So, we popped into our Christmas Fayre yesterday and also went carolling with our band last night at the switching on of the Christmas lights in the main street through Pill. It wasn’t easy to be there, not so much because of the things that have been going on which led to our having to take some leave, but because of this other situation going on which is most regrettable.
Today is the sort of end to our leave and we have our Divisional Commander (regional leader)coming this evening to chat things over. I suppose what we’re concerned about it coming back still dealing with this big situation, as well as the general corps situation, as well as coming back to the busiest time of the year! Leaving depression aside, as I said yesterday, I think even the most well-held-together officer would be feeling out of sorts today if he were in my shoes!
Inspite of it all, I do feel rather positive and determined. Yet, also sensible. I do know myself fairly well. Dr Rory McKenzie at Glasgow Bible college taught us that “the unreflective live isn’t worth living” and I’ve remembered that ever since. Its important in ministry to keep in touch with yourself.
Althought its been a hard weekend, on Friday night I went Ten Pin Bowling with my son Ben. We had a great time.

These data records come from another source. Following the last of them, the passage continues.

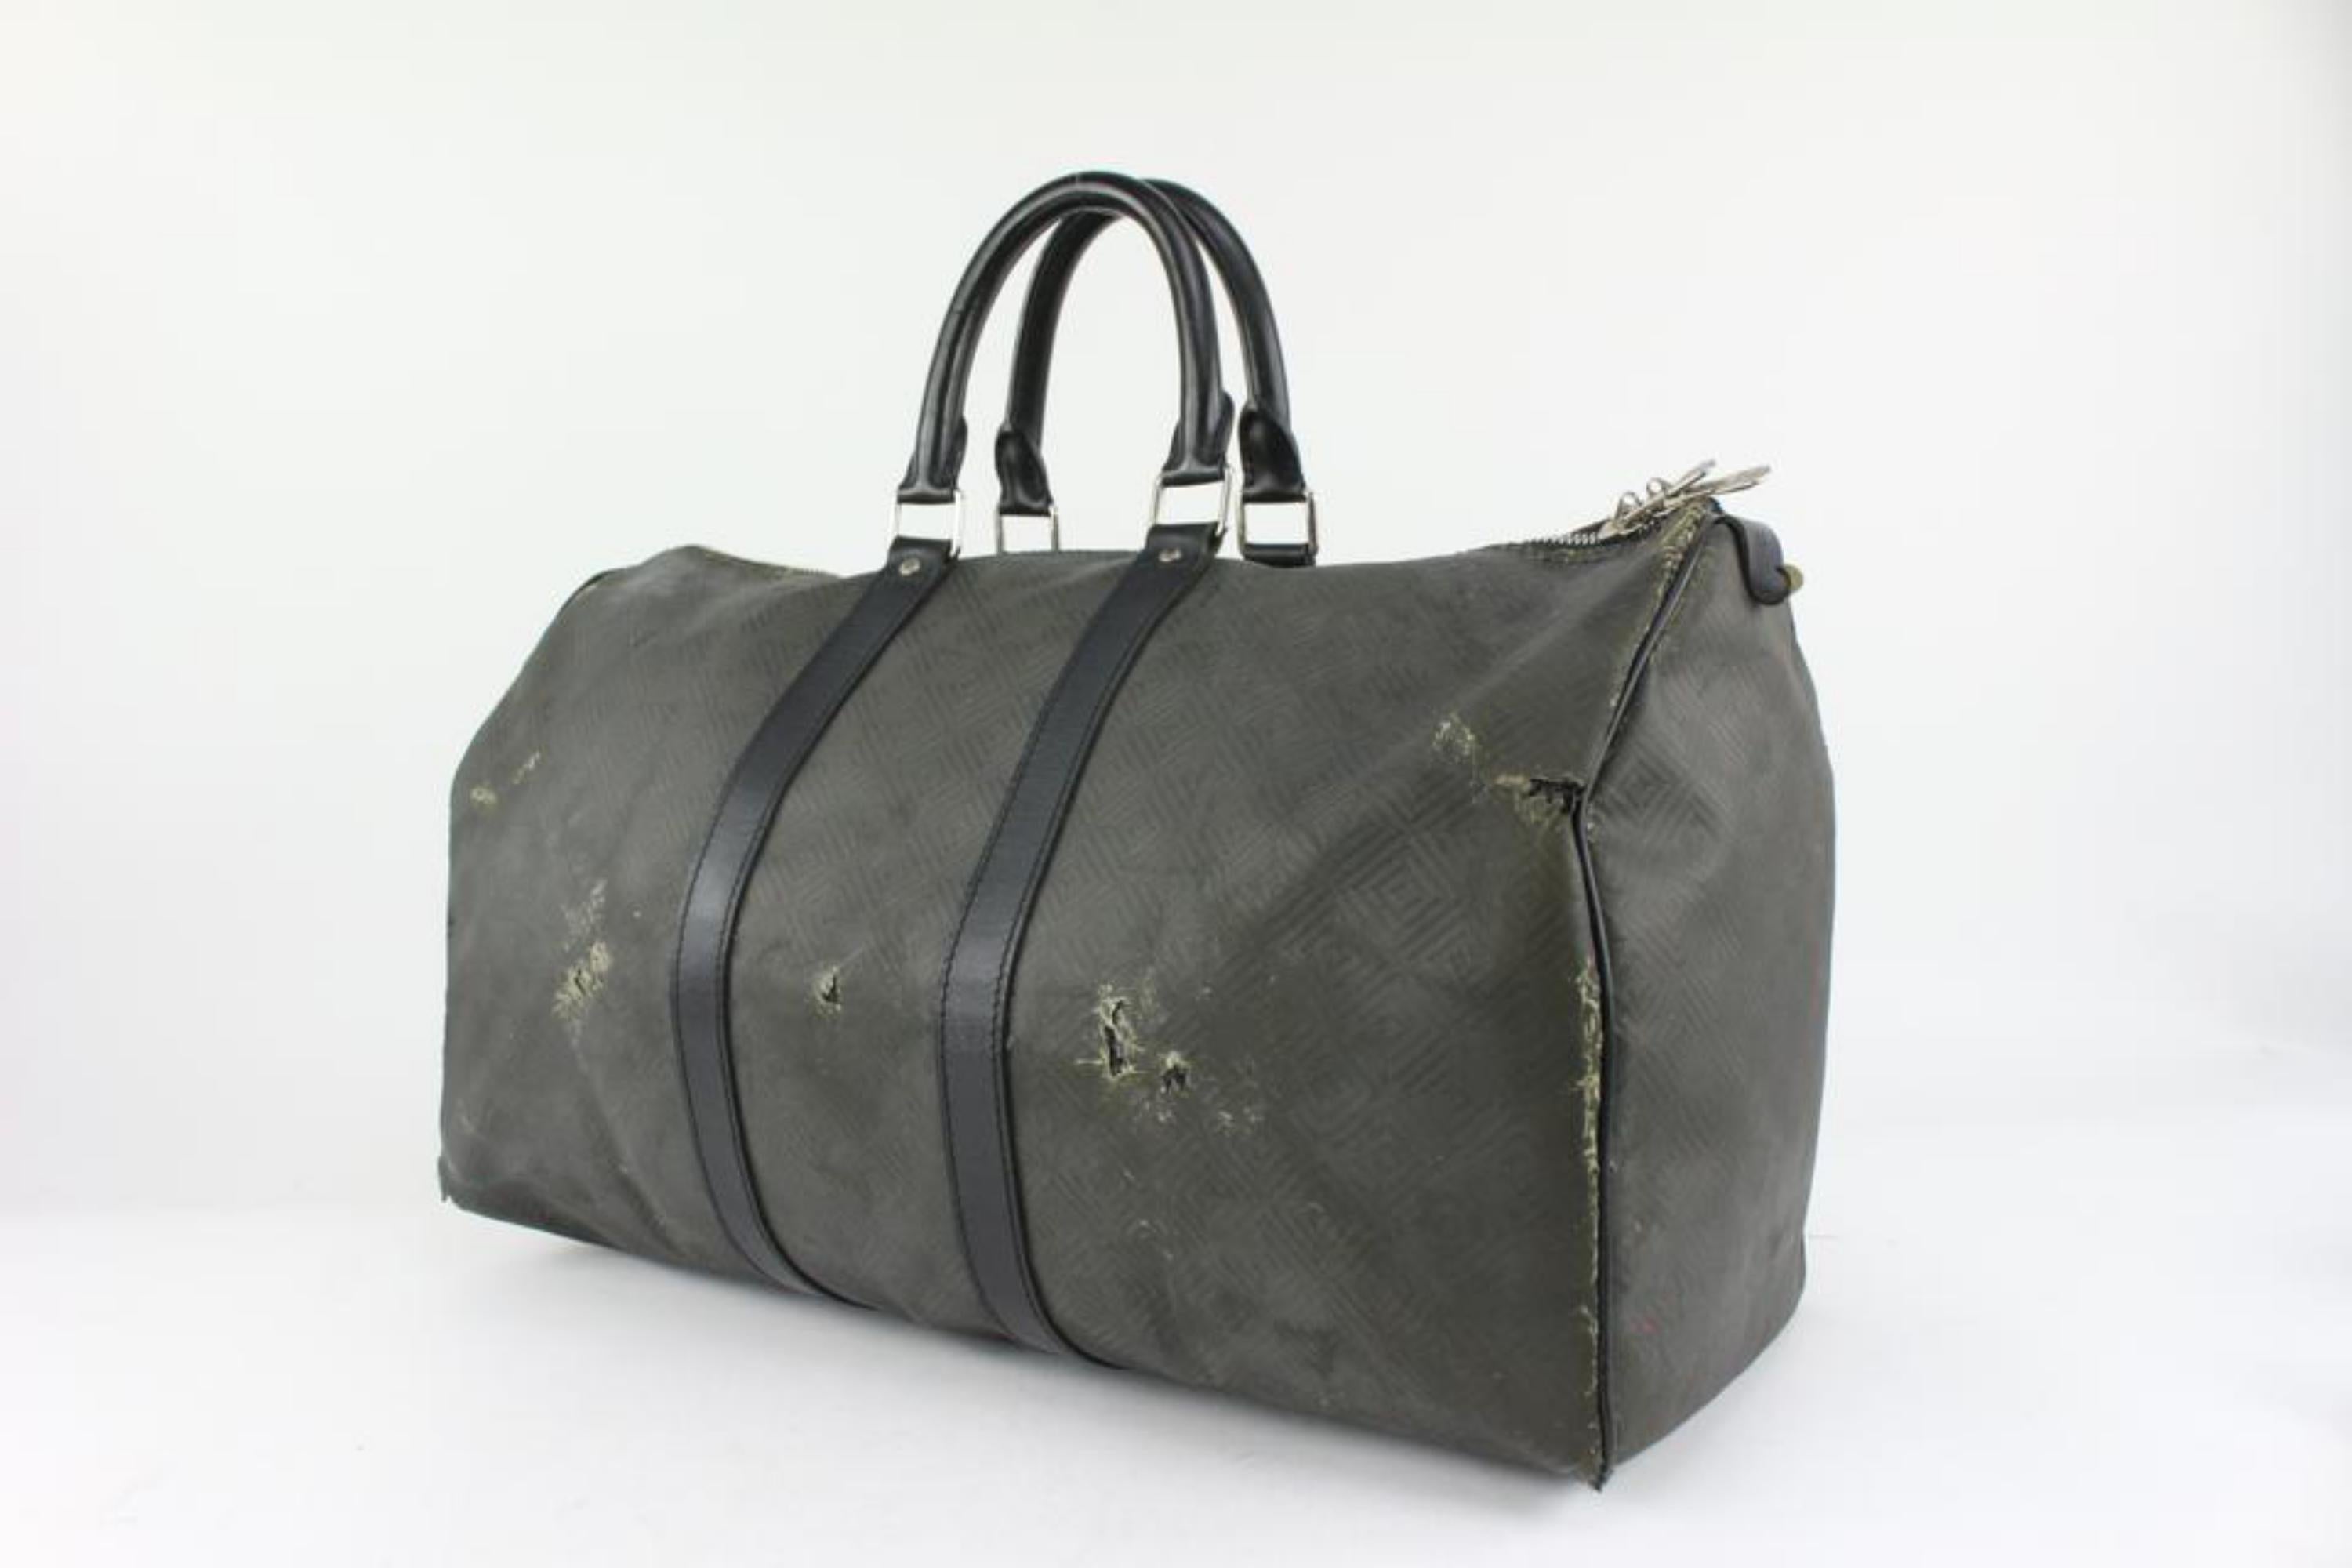 Louis Vuitton Black Carbon Fiber Damier Carbone Keepall 45 Duffle Bag 1122lv14 5
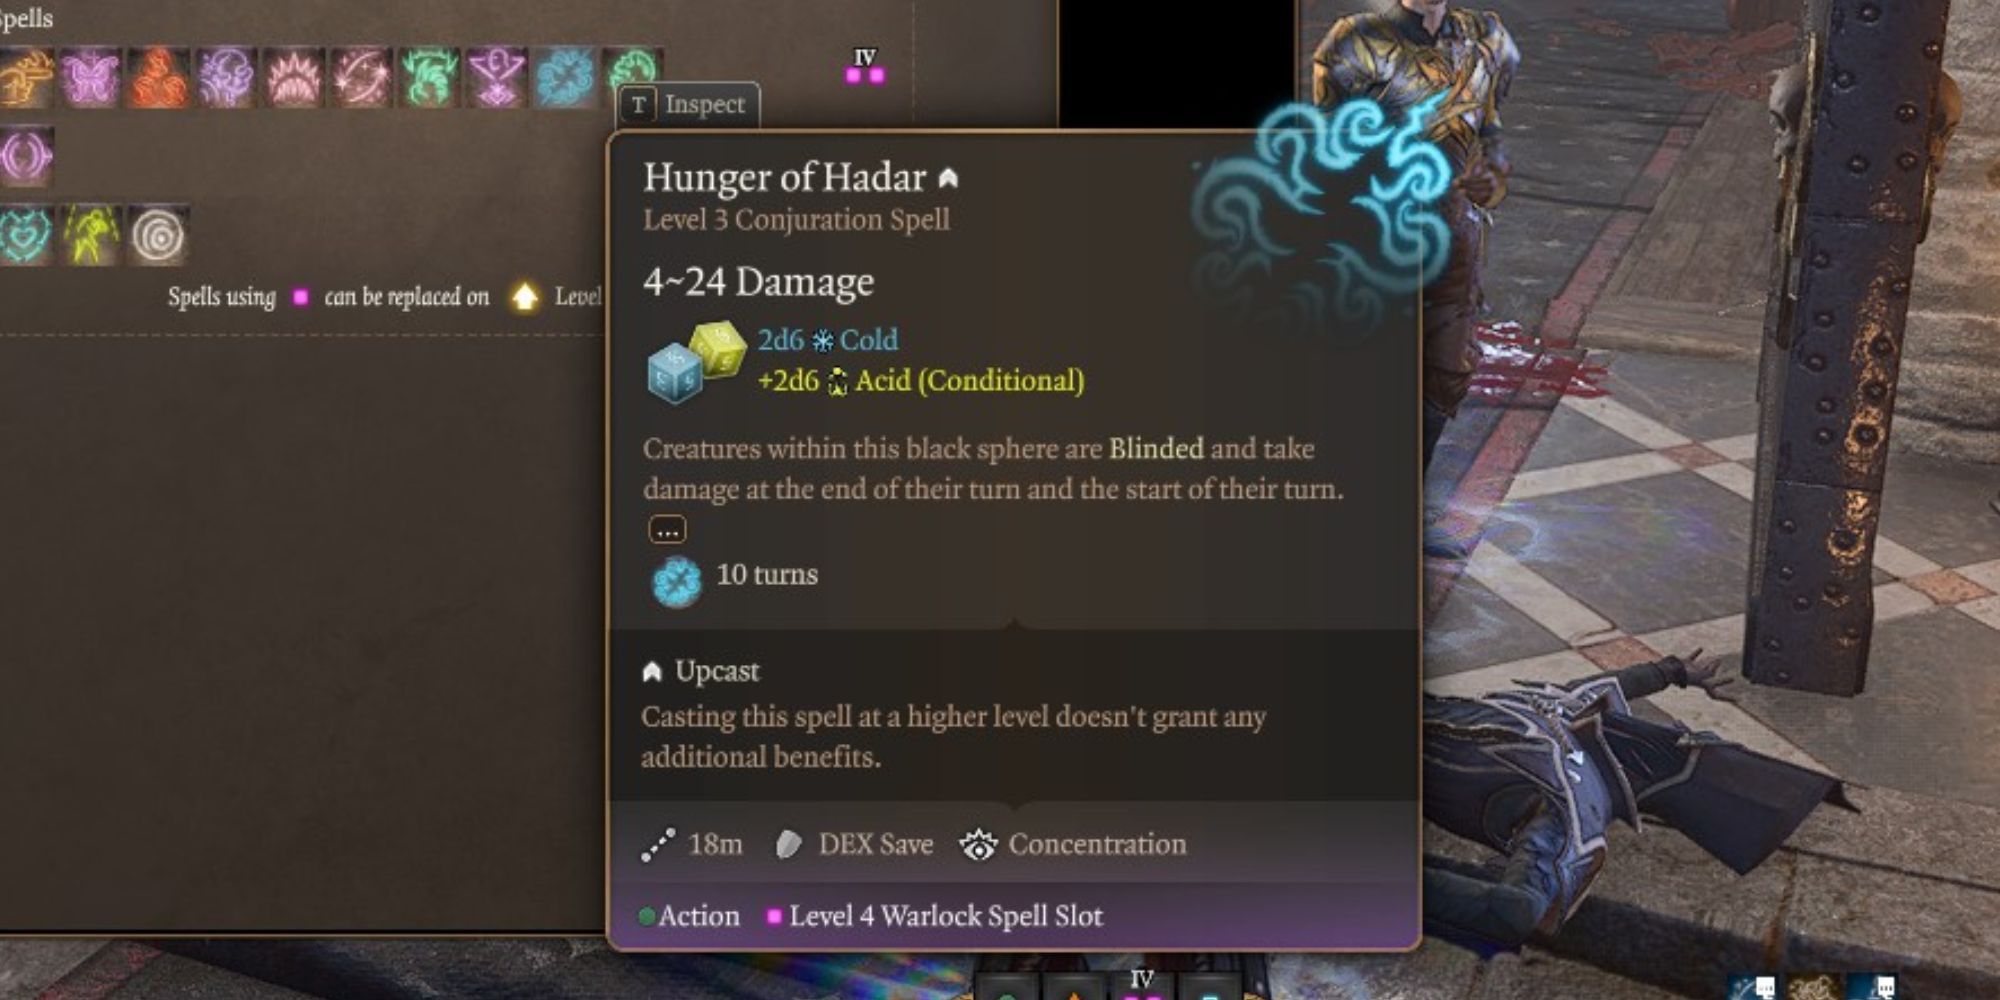 The Hunger Of Hadar spell in Baldur's Gate 3
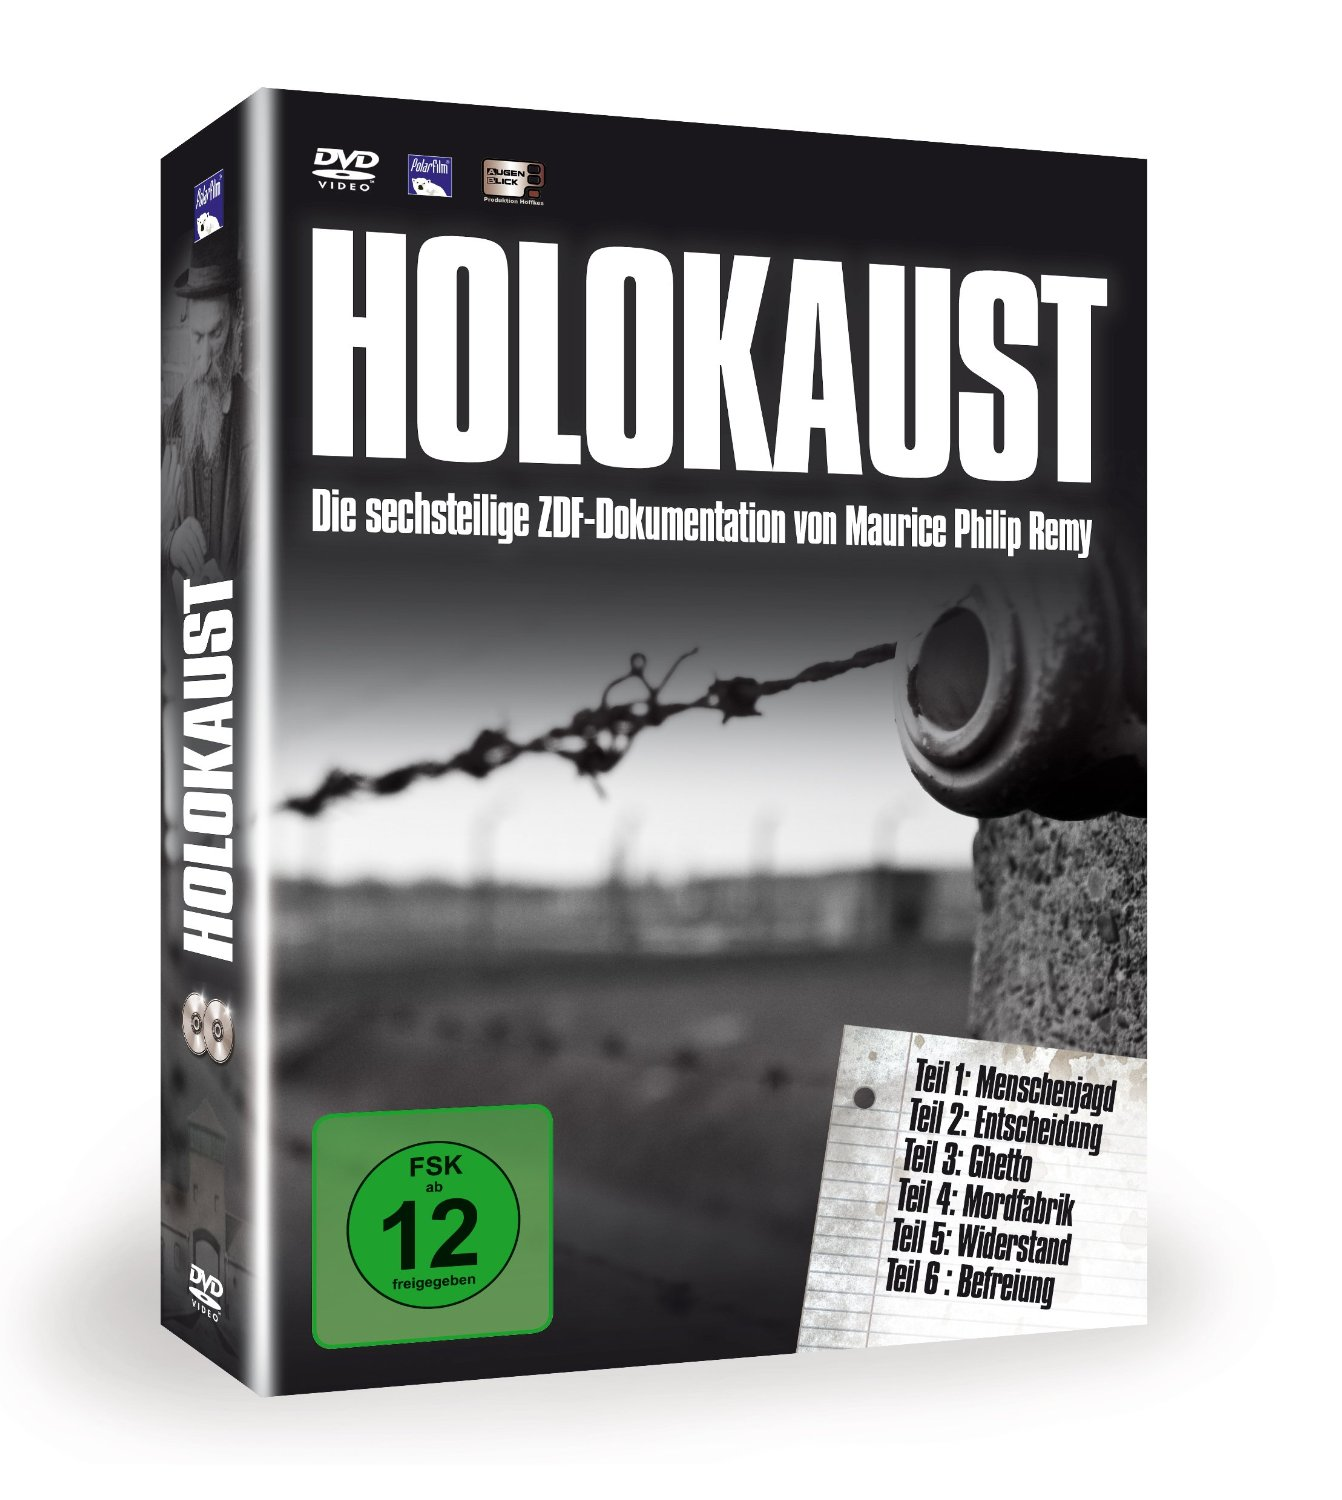 HOLOKAUST - Die sechsteilige DVD ZDF-Dokumentation Remy von Maurice Philip

Scores: Ben:68, Me: 64, Lucy: 62, Tracy: 34.
Ended up at another corps this evening for worship and as the meeting drew to a close, we sang some of my favourite verses:
Dear Lord, I do surrender
Myself, my all, to thee;
My time, my store, my talents,
So long withheld by me.
I’ve heard the call for workers.
The world’s great need I see,
O send me to the rescue,
I’m here, my Lord, send me!
Here am I, my Lord, send me,
Here am I, my Lord, send me,
I surrender all to obey thy call,
Here am I, my Lord, send me.
Too long at ease in Zion
I’ve been content to dwell,
While multitudes are dying
And sinking into Hell.
I can no more be careless,
And say there’s naught to do,
The fields are white to harvest
And laborers are few.
O hear, thou God of Heaven,
The vows that now I make!
To thee my life is given,
‘Tis for the lost world’s sake.
To serve thee I am ready,
Though friends and foes despise,
I now present my body
A living sacrifice.
My consecration is still complete to the Lord. What I confirmed tonight were the words of the second verse…..that I will never, ever, in my ministry be content to let the church be at ease in Zion. And, moreover, that I will never content simply to deal with the squabbling of the sheep at the expense of saving the lost.
You see, I suppose that, unlike some, I have very vivid memories about what ‘lost’ is. I’ve lived a living hell and had been bound for an eternal hell…I know what ‘to be lost’ truly is. For me, that is why although we want people to experience all that God has for them NOW, I want to make sure that they can really enter that NOW in the only way that they can…by repentance and faith, which then secures their eternity by helping them become established in faith. So, snatching the lost from the brink of hell is important to me. Sadly, its not to others…or at least there is a lack of urgency. I don’t understand that…at all.
I can only equate ‘lack of urgency’ in the church to ‘criminality.’ That is why I must be faithful myself to seeking and saving the lost and encourage those under my leadership and influence to be as earnest.
OK, so this blog is rambling, but then thats what the whole thing is about…to get stuff out my brain and into words. Anyway, thats all for now.